Entreabro un ojo. Es hija de Nate Morgan y Esme León, que es hermana de Julieta, Amelia y Álex. Los famosos cuatrillizos León.

—No —admito.

—Muy mal. Eres médico, deberías saberlo. ¡Noah! —grita en dirección a su hermano—. ¿Te puedes creer que Junior no se ha puesto crema?

—¡Qué mal, tío! ¡Eres médico!

—¿Ves? —señala Ariadna—. Te lo dice él, que también será médico algún día.

—Estoy tan moreno que no pensé que...

Ari eleva una ceja y yo me callo. Esta chica, para ser tan jovencita, tiene un genio de mil pares de...

—¿Qué tal si me ayudas a ponérmela?

Ella sonríe de inmediato, yo me río entre dientes y le pido la crema a Emma, que me saca una de protección total infantil. La miro elevando una ceja y ella encoge los hombros.

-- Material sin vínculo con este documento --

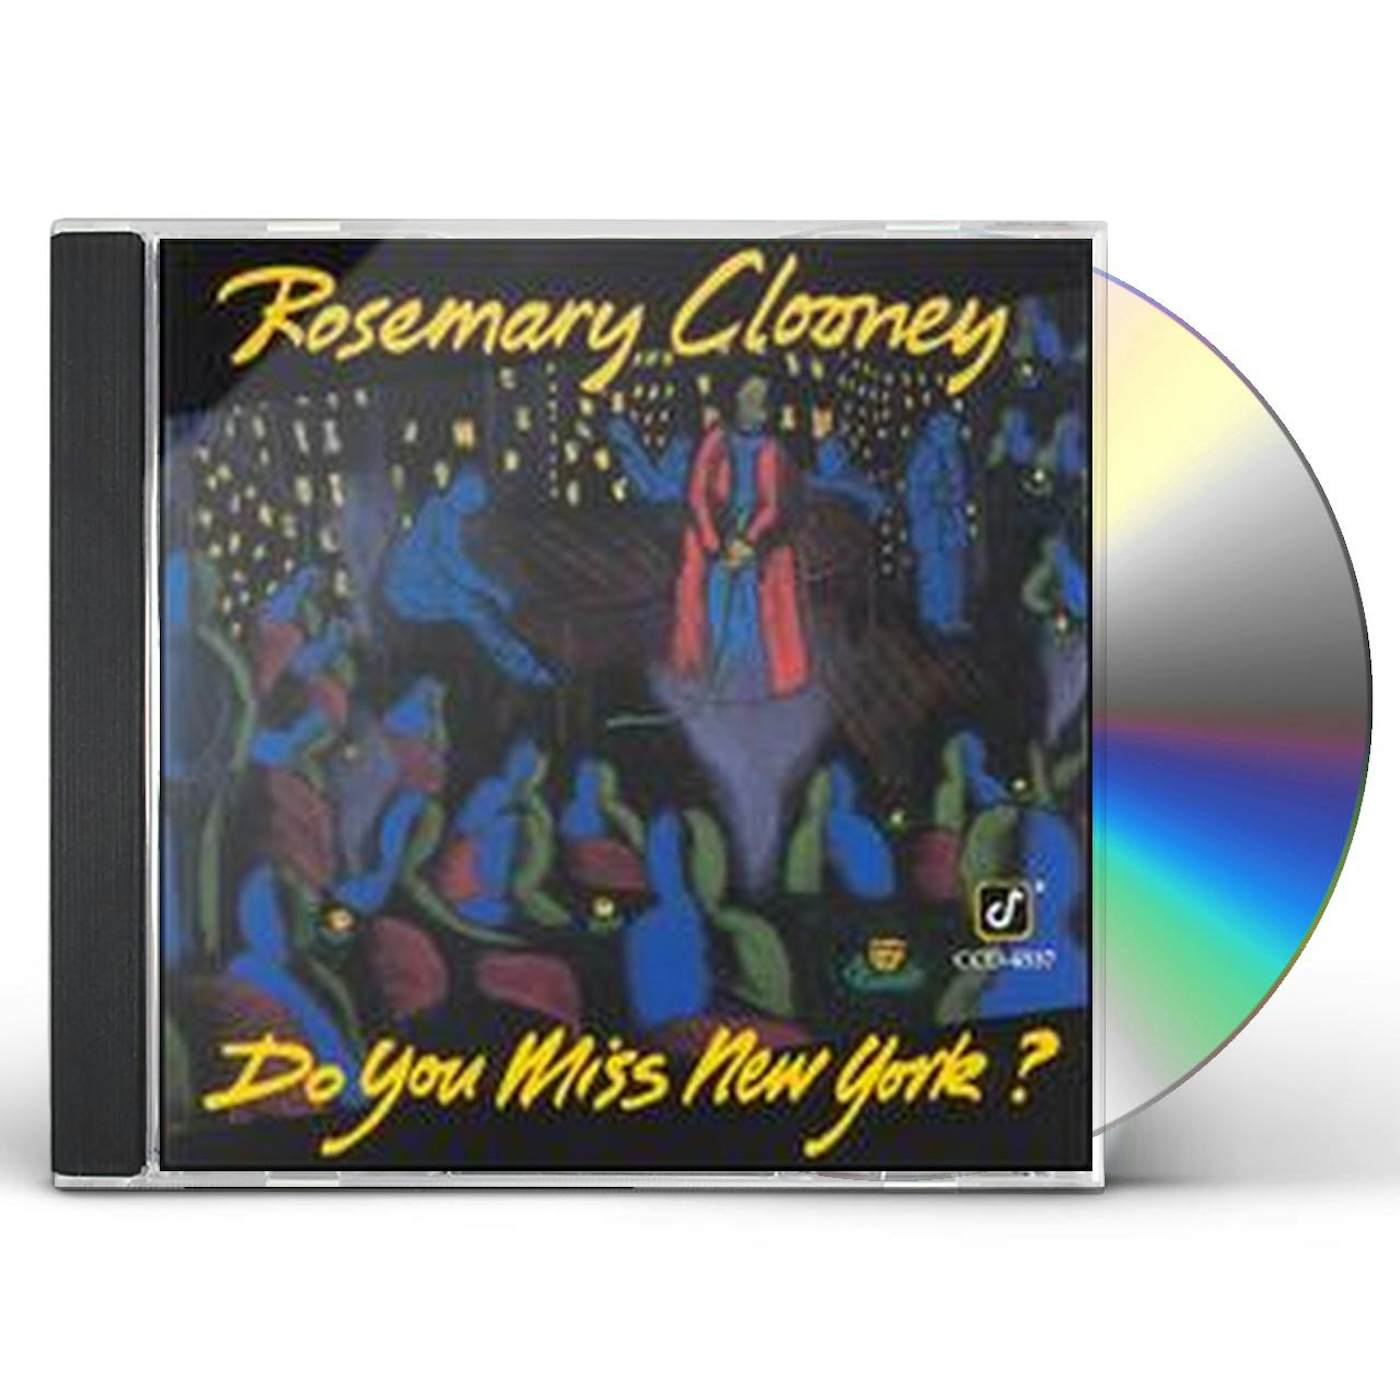 Rosemary Clooney DO YOU MISS NEW YORK CD

—Tengo la piel muy sensible. Que te diga Óscar. A veces, cuando me mordisquea por aquí...

—Suficiente información —digo mientras mi amigo se parte de risa.

Este es otro de los problemas de nuestro grupo de amigos/familia. Somos tan íntimos que muchos no saben dónde está el límite.

—¡Entiendo que vayas a ponerle crema a este chico tan guapo! —grita de pronto Björn, el hijo de Amelia León, que se une a nosotros. Mira en todas las direcciones y sonríe—. ¡Lo entiendo porque eres muy buena persona, no porque te guste, porque todos sabemos que tú eres lesbiana! ¡¡¡Muy lesbiana!!!

Ariadna, que es de piel negra, como su padre, que es afroamericano, lo mira tan avergonzada que casi la veo ruborizarse. Yo lo observo pensando que es imbécil. ¿A qué viene eso?

—¿Qué haces?

—¿Qué haces tú? —pregunta él visiblemente alterado pero sin alzar la voz—. Esta playa está petada de tías buenas y posibles ligues para ti, ¡y te pones a echarle crema al doctorcito buenorro!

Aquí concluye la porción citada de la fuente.